Senin, 17 Juli 2017

Jangan malu untuk bertanya



Pernahkah kamu menghadapi kebingungan? Tidak tau apa yang harus dilakukan? Ragu dalam mengambil keputusan? Menerka-nerka persoalan yang belum tentu dijamin kebenarannya?

Ya. Aku pernah mengalami hal demikian. Selama perjalanan hidupku, aku sering bahkan selalu dihadapkan persoalan-persoalan yang membuat otakku ‘nggrundel’ bak gumpalan benang ruwet. Tak tahan menampung benang yang semakin ruwet, aku mencoba menguraikan helaian demi helaian dengan cara bertanya pada seseorang. Seseorang yang aku anggap bisa menjawab semua daftar pertanyaan-pertanyaan yang ada di otakku. Ini mirip istilah ‘Kepo’, tapi kepo yang positif. Ini bukan persoalan mencari gosip, namun persoalan dalam mencari solusi dalam menyelesaikan masalah yang pelik.

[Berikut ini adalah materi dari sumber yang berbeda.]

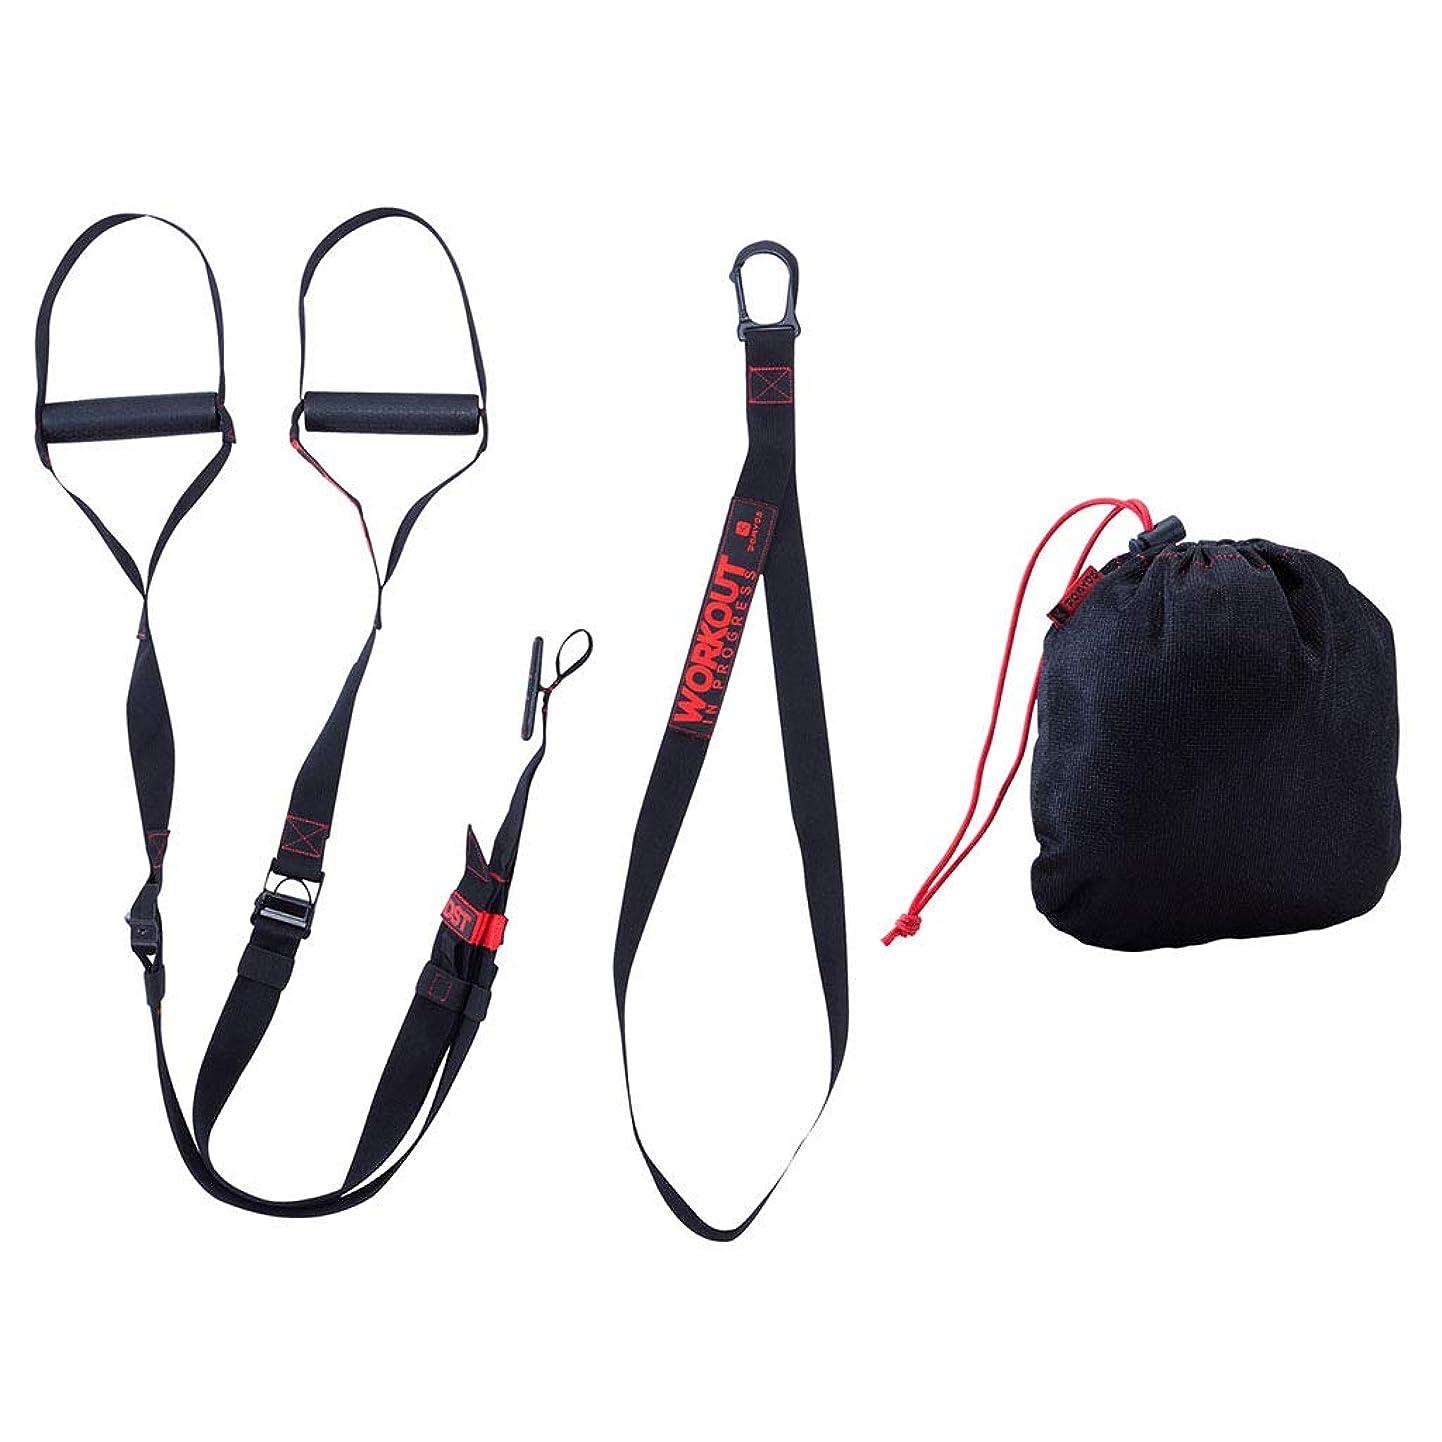 ウガンダ依存する性格吊り訓練ベルトプルロープホームフィットネス弾力ベルト抵抗ベルト強度トレーニング (色 : 黒)

Pernah suatu ketika saat aku kebingungan dalam penyusunan proposal skripsi, saat dimana aku tak tahu bagaimana seharusnya aku menghadapi dosen pembimbingku. Aku sadar tips dari orang yang berpengalaman itu penting. Aku tak tanggung-tanggung menurunkan urat maluku untuk bertanya pada kakak tingkat yang telah lulus dan dibimbing oleh dosen yang sama ataupun dosen lain. Hanya dengan bermodal ‘Assalamlualaikum’ dan memperkenalkan diri dengan bahasa yang sopan dalam  pesan singkat (SMS), mereka menanggapi semua pertanyaan ku dengan ramah dan detail. Bahkan tak jarang, mereka bersedia untuk bertemu dengan ku secara langsung dan berbagi pengalaman.

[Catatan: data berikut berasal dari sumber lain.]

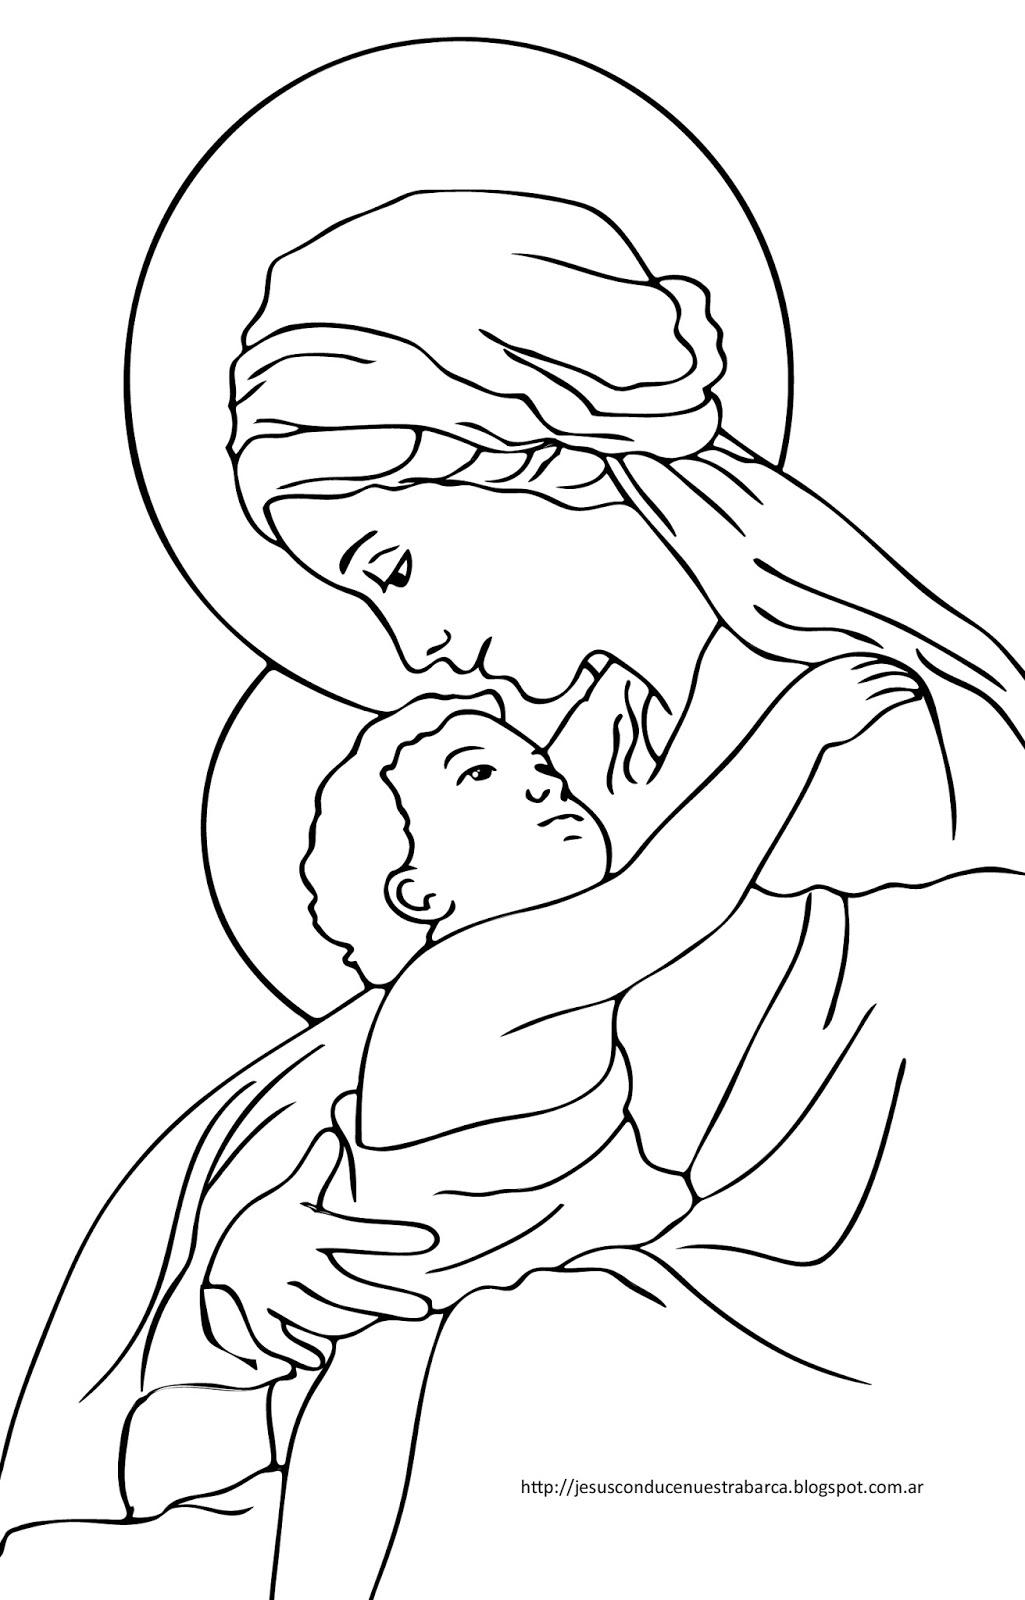 Jesús conduce nuestra barca: Dibujos Virgen María

Kedua kalinya, saat aku kebingungan ketika akan mendaftar beasiswa studi lanjut S2 dari LPDP, saya tak tanggung-tanggung menepis rasa malu dan bertanya pada salah 2 orang yang tidak aku kenal sebelumnya. Seseorang yang aku tahu dari media sosial facebook, yang profilnya menunjukkan bahwa mereka alumni UNNES. Merasa bahwa aku dan mereka satu almamater, aku beranikan untuk menyapa mereka lewat chat facebook. Dengan pedenya aku perkenalkan diriku dan mengutarakan maksud dan tujuanku. Alhamdulillah mereka menanggapi semua pertanyaanku dengan ramah. Satu demi satu pertanyaan telah dijawab, dan aku akhiri dengan ucapan terimakasih.

Kini, aku dihadapkan dengan penelitian tesis yang benar-benar membuat aku merasa frustasi. Mungkin karena aku yang belum terbiasa. Ini kali pertama aku melakukan penelitian murni. Ya, studiku di S1 dengan background pendidikan biologi, namun kini di pascasarjana, aku mengambil jurusan biologi murni. Ini yang membuatku berpikir, belajar dan berkerja lebih ekstra dari biasanya. Aku belum cukup familiar dengan uji aktivitas enzim Superoxide Dismutase (SOD), uji Malondyaldehide, dan lain sebagainya. Aku juga tidak tahu dimana lokasi green house yang nantinya akan aku gunakan dalam menanam padi dan juga tidak tahu laboratorium yang mana yang akan ku gunakan untuk mengukur parameter penelitian yang aku tetapkan. Sungguh, aku merasa awam dan belum bepengalaman. Bak anak SMA yang baru lulus langsung mengambil S2. Kadang aku merasa paling bodoh dan tertinggal di antara teman-temanku. Namun, lagi-lagi aku kumpulkan keberanian untuk bertanya pada salah dua orang yang tidak aku kenal sebelumnya. Aku tahu bahwa penelitian mereka hampir mirip dengan ku. Aku cari nomor WA.nya. Yah, ketemu. Satu dari mereka aku dapatkan nomor WAnya dari seseorang yang juga tidak aku kenal sebelumnya. Sekali lagi, hanya bermodoal ‘Assalamualaikum’ dan memperkenalkan diri dengan bahasa yang sopan, mereka menanggapi pesanku dengan ramah dan menjawab satu demi satu pertanyaan yang aku tanyakan.

Alhamdulillah, aku selalu dikelilingi dengan orang-orang baik. Aku selalu berdoa semoga orang-orang baik ini dimudahkan segala urusannya, dilancarkan rizkinya dan diberi kesuksesan semasa hidupnya. Aku juga ingin berusaha menaladani sikap mereka, dan terbuka ketika ada seseorang yang membutuhkan pertolongan. Pesan yang dapat aku ambil dari semua ini adalah jangan malu untuk bertanya, kepolah yang positif, tentu dirimu akan lebih yakin dalam mengambil keputusan.